- **Supplied material**
------------------------------------------------------------

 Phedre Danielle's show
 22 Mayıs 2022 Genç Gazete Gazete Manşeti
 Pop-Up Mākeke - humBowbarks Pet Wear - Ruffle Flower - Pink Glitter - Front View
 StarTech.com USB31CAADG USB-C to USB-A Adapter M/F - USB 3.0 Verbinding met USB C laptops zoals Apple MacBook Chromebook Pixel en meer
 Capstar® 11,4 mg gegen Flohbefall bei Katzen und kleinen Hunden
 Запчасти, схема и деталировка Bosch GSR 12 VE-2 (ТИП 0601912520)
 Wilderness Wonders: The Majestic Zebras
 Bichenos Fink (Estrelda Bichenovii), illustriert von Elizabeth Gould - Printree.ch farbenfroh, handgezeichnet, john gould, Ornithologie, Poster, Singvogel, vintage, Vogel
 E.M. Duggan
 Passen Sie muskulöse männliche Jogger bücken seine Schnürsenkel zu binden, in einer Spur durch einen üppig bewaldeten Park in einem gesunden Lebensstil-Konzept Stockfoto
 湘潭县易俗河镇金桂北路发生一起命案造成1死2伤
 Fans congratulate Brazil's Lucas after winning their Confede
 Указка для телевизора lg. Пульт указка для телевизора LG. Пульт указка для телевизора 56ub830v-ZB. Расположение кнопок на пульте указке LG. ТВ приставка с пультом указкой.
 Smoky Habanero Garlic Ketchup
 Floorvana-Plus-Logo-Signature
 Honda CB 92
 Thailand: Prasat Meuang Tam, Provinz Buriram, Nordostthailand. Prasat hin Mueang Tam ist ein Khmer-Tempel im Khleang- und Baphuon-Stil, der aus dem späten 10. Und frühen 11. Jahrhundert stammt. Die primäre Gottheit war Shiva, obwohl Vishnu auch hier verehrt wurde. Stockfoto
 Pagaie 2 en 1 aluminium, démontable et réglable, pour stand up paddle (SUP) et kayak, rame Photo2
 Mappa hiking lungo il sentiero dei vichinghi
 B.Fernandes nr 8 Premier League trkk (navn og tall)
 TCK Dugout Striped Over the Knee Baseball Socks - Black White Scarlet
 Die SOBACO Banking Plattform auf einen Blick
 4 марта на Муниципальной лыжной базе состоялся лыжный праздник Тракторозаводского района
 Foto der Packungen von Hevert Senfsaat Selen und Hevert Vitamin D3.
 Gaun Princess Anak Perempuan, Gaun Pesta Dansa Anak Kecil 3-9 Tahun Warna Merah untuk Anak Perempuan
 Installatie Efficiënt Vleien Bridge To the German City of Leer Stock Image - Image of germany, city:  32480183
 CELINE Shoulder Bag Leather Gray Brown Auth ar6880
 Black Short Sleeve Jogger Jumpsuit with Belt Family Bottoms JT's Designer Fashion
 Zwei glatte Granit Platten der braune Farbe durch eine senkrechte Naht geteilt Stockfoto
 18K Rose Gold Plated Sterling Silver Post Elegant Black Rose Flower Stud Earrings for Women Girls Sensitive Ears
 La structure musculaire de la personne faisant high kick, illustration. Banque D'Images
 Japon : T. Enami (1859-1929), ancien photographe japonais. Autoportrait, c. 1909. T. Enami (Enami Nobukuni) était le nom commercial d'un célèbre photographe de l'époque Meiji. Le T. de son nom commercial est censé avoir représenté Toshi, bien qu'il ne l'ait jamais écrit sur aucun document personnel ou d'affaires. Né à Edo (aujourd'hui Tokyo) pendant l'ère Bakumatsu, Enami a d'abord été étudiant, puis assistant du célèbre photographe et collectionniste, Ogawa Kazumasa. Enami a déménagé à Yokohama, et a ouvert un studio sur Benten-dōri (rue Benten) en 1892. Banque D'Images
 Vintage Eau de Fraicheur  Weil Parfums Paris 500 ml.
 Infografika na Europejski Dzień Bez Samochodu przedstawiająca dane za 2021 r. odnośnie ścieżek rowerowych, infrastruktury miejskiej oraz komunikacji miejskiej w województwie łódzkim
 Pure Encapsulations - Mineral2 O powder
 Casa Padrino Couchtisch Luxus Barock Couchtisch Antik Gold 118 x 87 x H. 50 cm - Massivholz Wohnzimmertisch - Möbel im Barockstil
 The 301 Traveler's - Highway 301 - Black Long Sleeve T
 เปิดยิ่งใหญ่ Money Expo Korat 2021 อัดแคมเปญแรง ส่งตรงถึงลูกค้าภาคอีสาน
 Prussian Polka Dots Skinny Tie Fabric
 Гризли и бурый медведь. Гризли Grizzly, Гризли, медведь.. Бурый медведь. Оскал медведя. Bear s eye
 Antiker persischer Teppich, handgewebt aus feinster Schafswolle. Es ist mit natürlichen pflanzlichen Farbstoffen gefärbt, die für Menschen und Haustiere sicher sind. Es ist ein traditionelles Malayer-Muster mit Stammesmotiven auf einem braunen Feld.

------------------------------------------------------------

- **Work to be completed**
Every line above from the line with "StarTech.com USB31CAADG USB-C" to the line with "Foto der Packungen", both included, must be reproduced exactly, and no other line may appear.

- **Your solution**
 StarTech.com USB31CAADG USB-C to USB-A Adapter M/F - USB 3.0 Verbinding met USB C laptops zoals Apple MacBook Chromebook Pixel en meer
 Capstar® 11,4 mg gegen Flohbefall bei Katzen und kleinen Hunden
 Запчасти, схема и деталировка Bosch GSR 12 VE-2 (ТИП 0601912520)
 Wilderness Wonders: The Majestic Zebras
 Bichenos Fink (Estrelda Bichenovii), illustriert von Elizabeth Gould - Printree.ch farbenfroh, handgezeichnet, john gould, Ornithologie, Poster, Singvogel, vintage, Vogel
 E.M. Duggan
 Passen Sie muskulöse männliche Jogger bücken seine Schnürsenkel zu binden, in einer Spur durch einen üppig bewaldeten Park in einem gesunden Lebensstil-Konzept Stockfoto
 湘潭县易俗河镇金桂北路发生一起命案造成1死2伤
 Fans congratulate Brazil's Lucas after winning their Confede
 Указка для телевизора lg. Пульт указка для телевизора LG. Пульт указка для телевизора 56ub830v-ZB. Расположение кнопок на пульте указке LG. ТВ приставка с пультом указкой.
 Smoky Habanero Garlic Ketchup
 Floorvana-Plus-Logo-Signature
 Honda CB 92
 Thailand: Prasat Meuang Tam, Provinz Buriram, Nordostthailand. Prasat hin Mueang Tam ist ein Khmer-Tempel im Khleang- und Baphuon-Stil, der aus dem späten 10. Und frühen 11. Jahrhundert stammt. Die primäre Gottheit war Shiva, obwohl Vishnu auch hier verehrt wurde. Stockfoto
 Pagaie 2 en 1 aluminium, démontable et réglable, pour stand up paddle (SUP) et kayak, rame Photo2
 Mappa hiking lungo il sentiero dei vichinghi
 B.Fernandes nr 8 Premier League trkk (navn og tall)
 TCK Dugout Striped Over the Knee Baseball Socks - Black White Scarlet
 Die SOBACO Banking Plattform auf einen Blick
 4 марта на Муниципальной лыжной базе состоялся лыжный праздник Тракторозаводского района
 Foto der Packungen von Hevert Senfsaat Selen und Hevert Vitamin D3.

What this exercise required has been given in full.